A fresh Script component project can be a little alarming. Where did all this code come from? What should you do to it? Fortunately, most of the code is boilerplate code, auto-generated by SSIS. For the most part, you shouldn't change this code because it gets freshly generated when the source or destination components change their definitions. The only code you have to change is in the main.cs file in the ScriptMain class, which Visual Studio conveniently loads and places right in front of you.

ScriptMain has three methods that you can modify according to your needs: PreExecute and PostExecute (which run before and after the transformation, respectively), and the less clearly named Input0_ProcessInputRow. The latter method does the real work. Input0 is the input from the flat file. The parameter Row, an instance of Input0Buffer, contains read-only properties representing the values for each input field in the input buffer, plus an editable field representing the ColumnSet column you added. What you need to do is create some XML code for ColumnSet. The package will then execute Input0_ProcessInputRow for every input record it reads.

For a small table, building the XML code for ColumnSet is straightforward. Because you have four sparse columns going into ColumnSet, you can write four if statements that check the source column for Null and write an element string with the correct column name and source data. Listing 2 shows this code. But what if you had a really wide table, with a hundred or more sparse columns? That would be a lot of if statements to write.

public override
  void Input0_ProcessInputRow(Input0Buffer Row)
  {
    System.IO.MemoryStream ms =
  new System.IO.MemoryStream();

// Note that the encoding has to be Unicode.
  System.Xml.XmlTextWriter xw =
  new System.Xml.XmlTextWriter(ms,
  System.Text.Encoding.Unicode);

if (false == Row.CommentSource1_IsNull)
  xw.WriteElementString("Comment1", Row.CommentSource1);
    if (false == Row.CommentSource2_IsNull)
  xw.WriteElementString("Comment2", Row.CommentSource2);
    if (false == Row.CommentSource3_IsNull)
  xw.WriteElementString("Comment3", Row.CommentSource3);
    if (false == Row.CommentSource4_IsNull)
  xw.WriteElementString("Comment4", Row.CommentSource4);

xw.Close();
    Row.ColumnSet.AddBlobData(ms.ToArray());
  }

Fortunately, there's a fairly simple way to set up your script component to automatically convert all your sparse columns to an XML fragment, without needing to reference specific columns individually. The mapping of input columns is done with the help of an XML mapping document that tells the component which columns to use and how they map to the sparse columns.

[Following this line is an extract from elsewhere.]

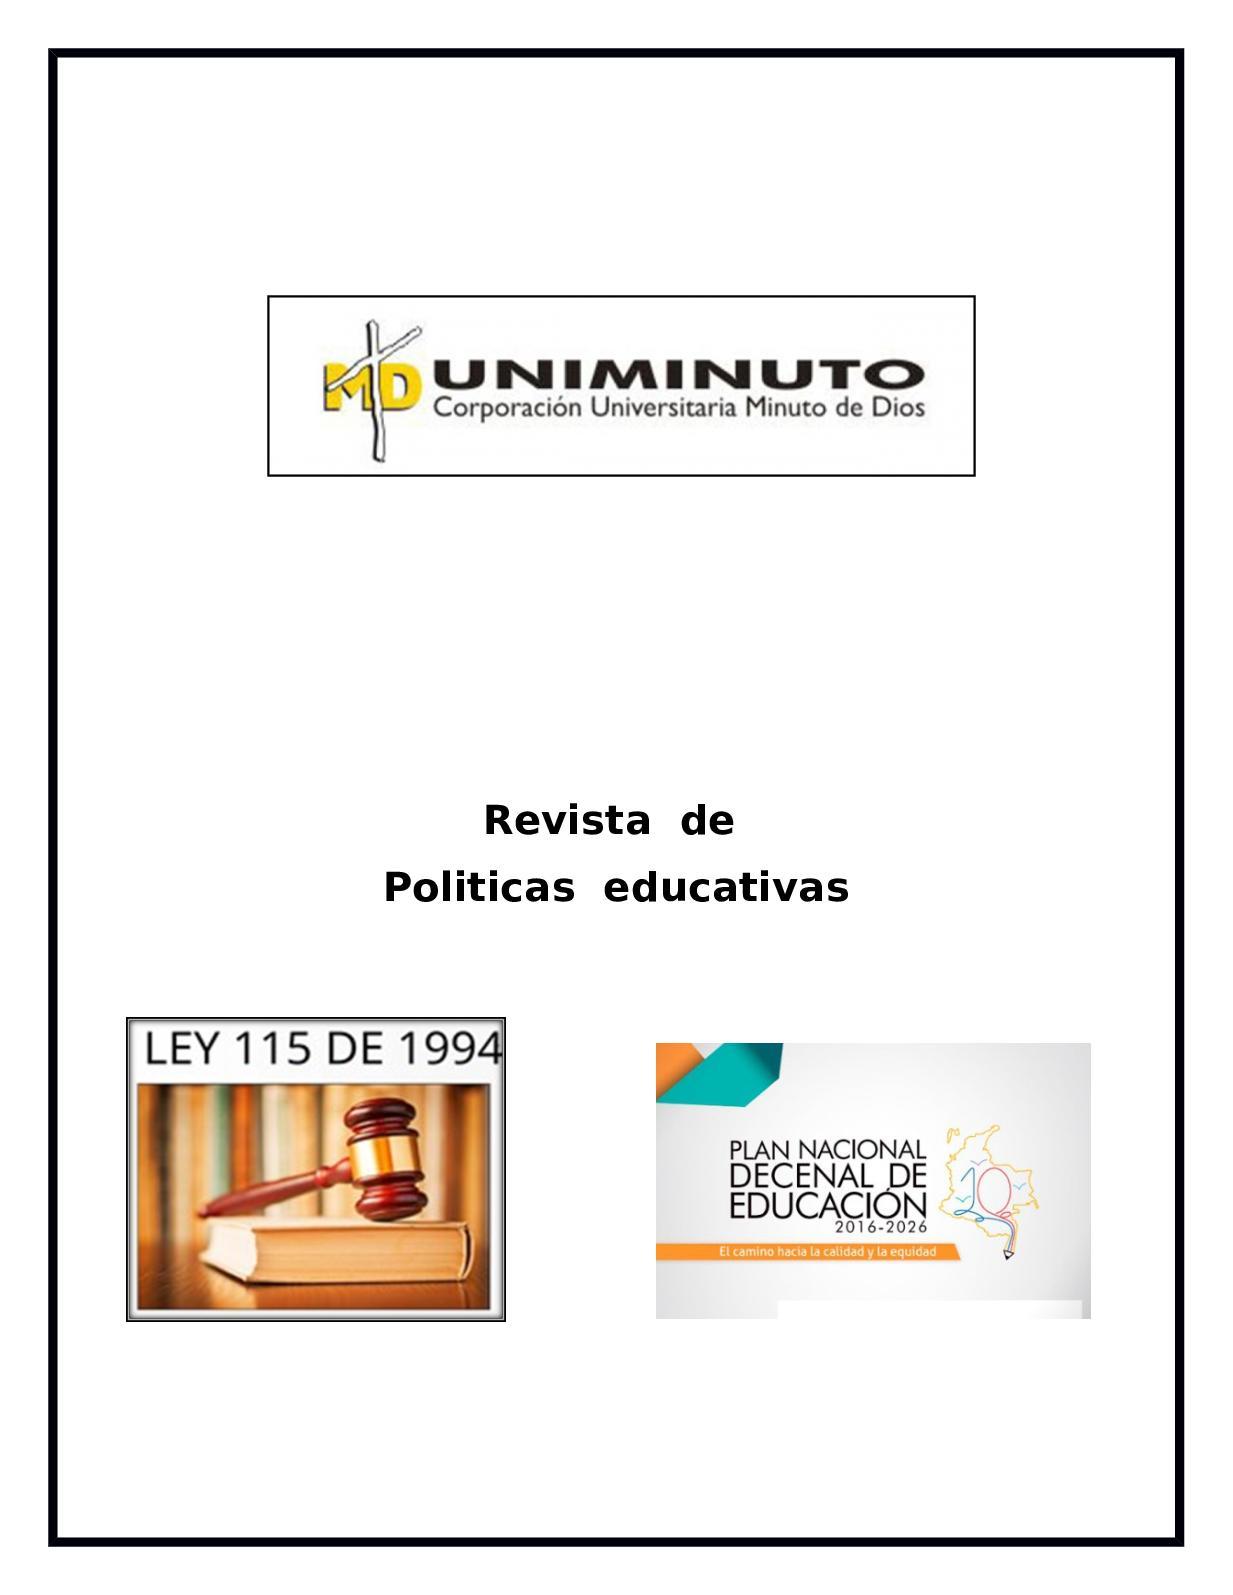 Revista Calameo De Politicas Infografia

You can easily create the XML mapping document in SQL Server Management Studio (SSMS). You just need to open up a new query window, set the current database to the database containing the target table, and execute the code in Listing 3, changing the table names as necessary.

SELECT "@sourcePropertyName" = ''
    ,   "@targetColumnName" = name
FROM sys.all_columns
WHERE object_id = object_id(N'dbo.WideTable')
  AND is_sparse = 1
FOR XML path('Mapping'), root('Mappings')

As Figure 6 shows, the query produces a hyperlink.

Figure 6: Clicking the hyperlink created by the query

Clicking the hyperlink opens a new window that contains an XML mapping document like the one in Figure 7.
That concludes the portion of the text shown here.